◆ EXERCISE BRIEF:
Below is a listing to copy exactly; no image goes into the copy.

◆ DATASET CONTENT:
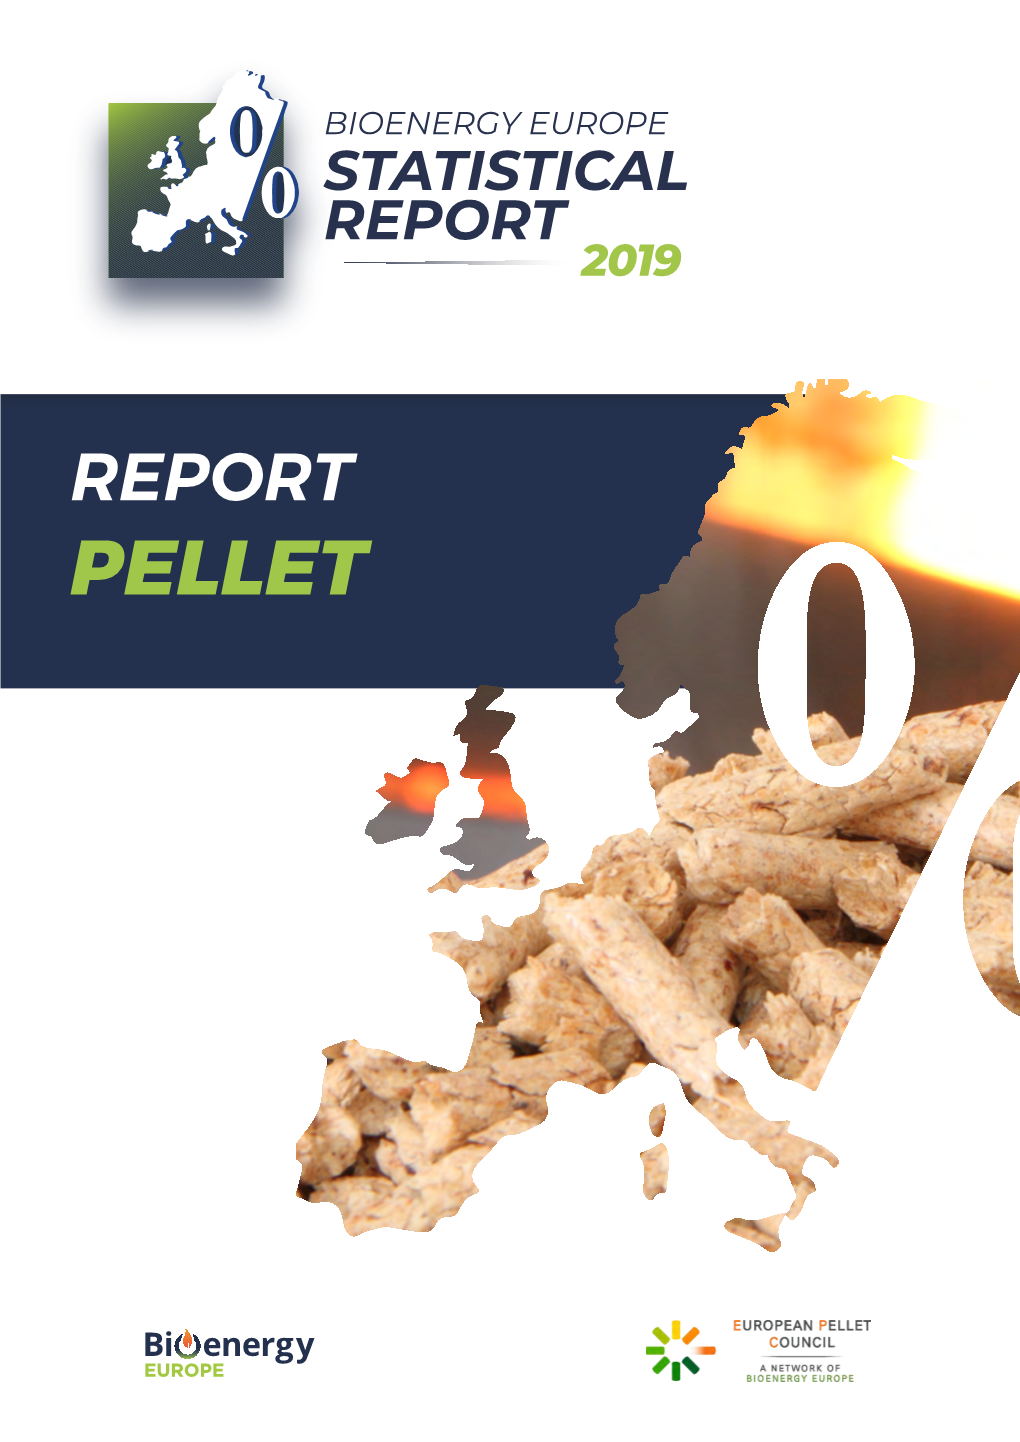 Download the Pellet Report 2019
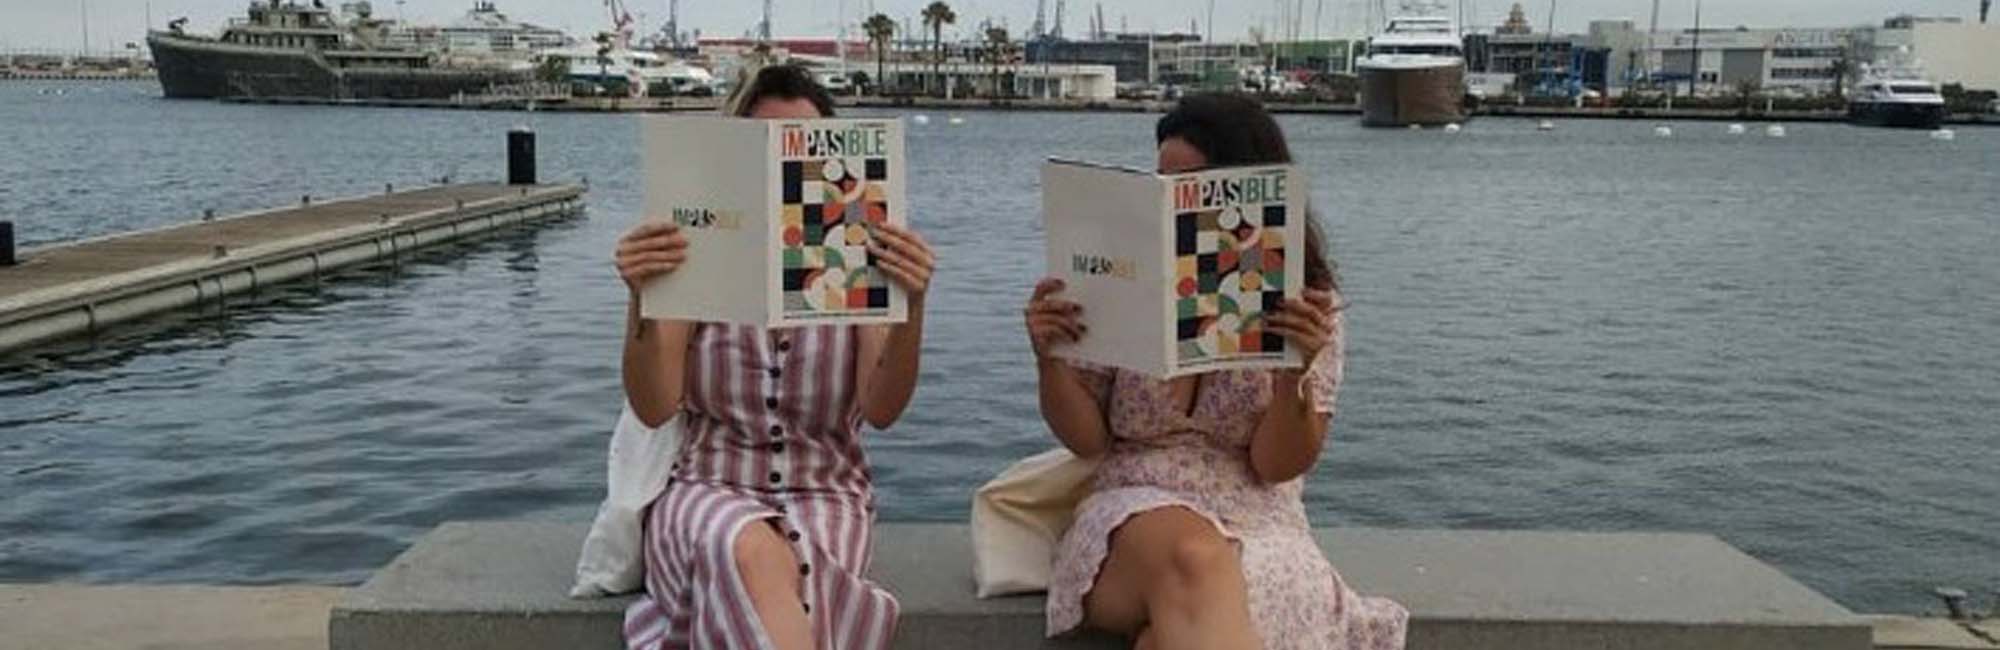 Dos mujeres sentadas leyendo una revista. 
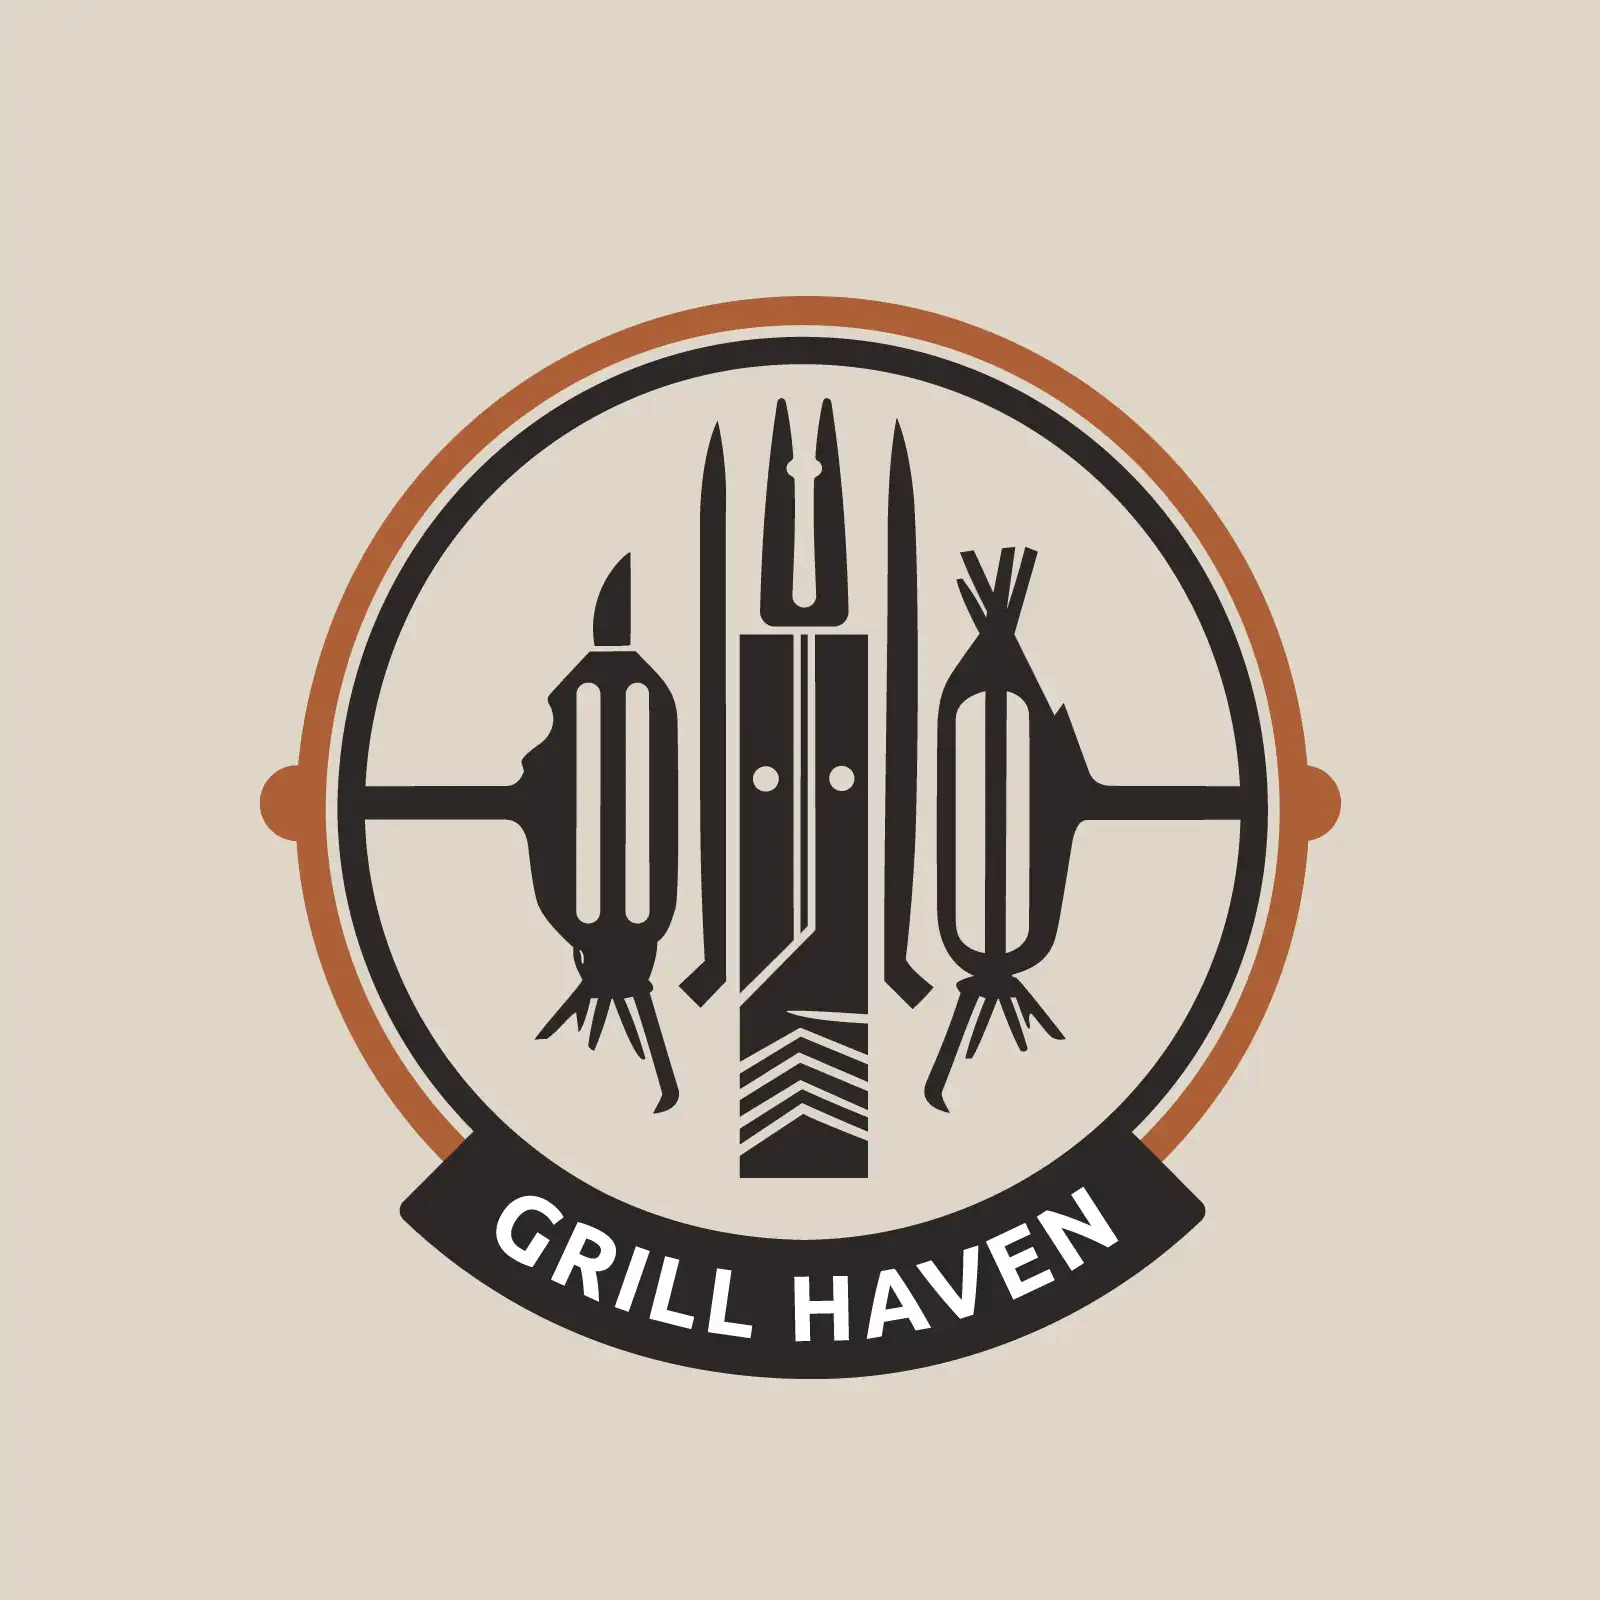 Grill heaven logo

◆ ANSWER TO THE PROBLEM:
 Download the Pellet Report 2019
 Dos mujeres sentadas leyendo una revista. 
 Grill heaven logo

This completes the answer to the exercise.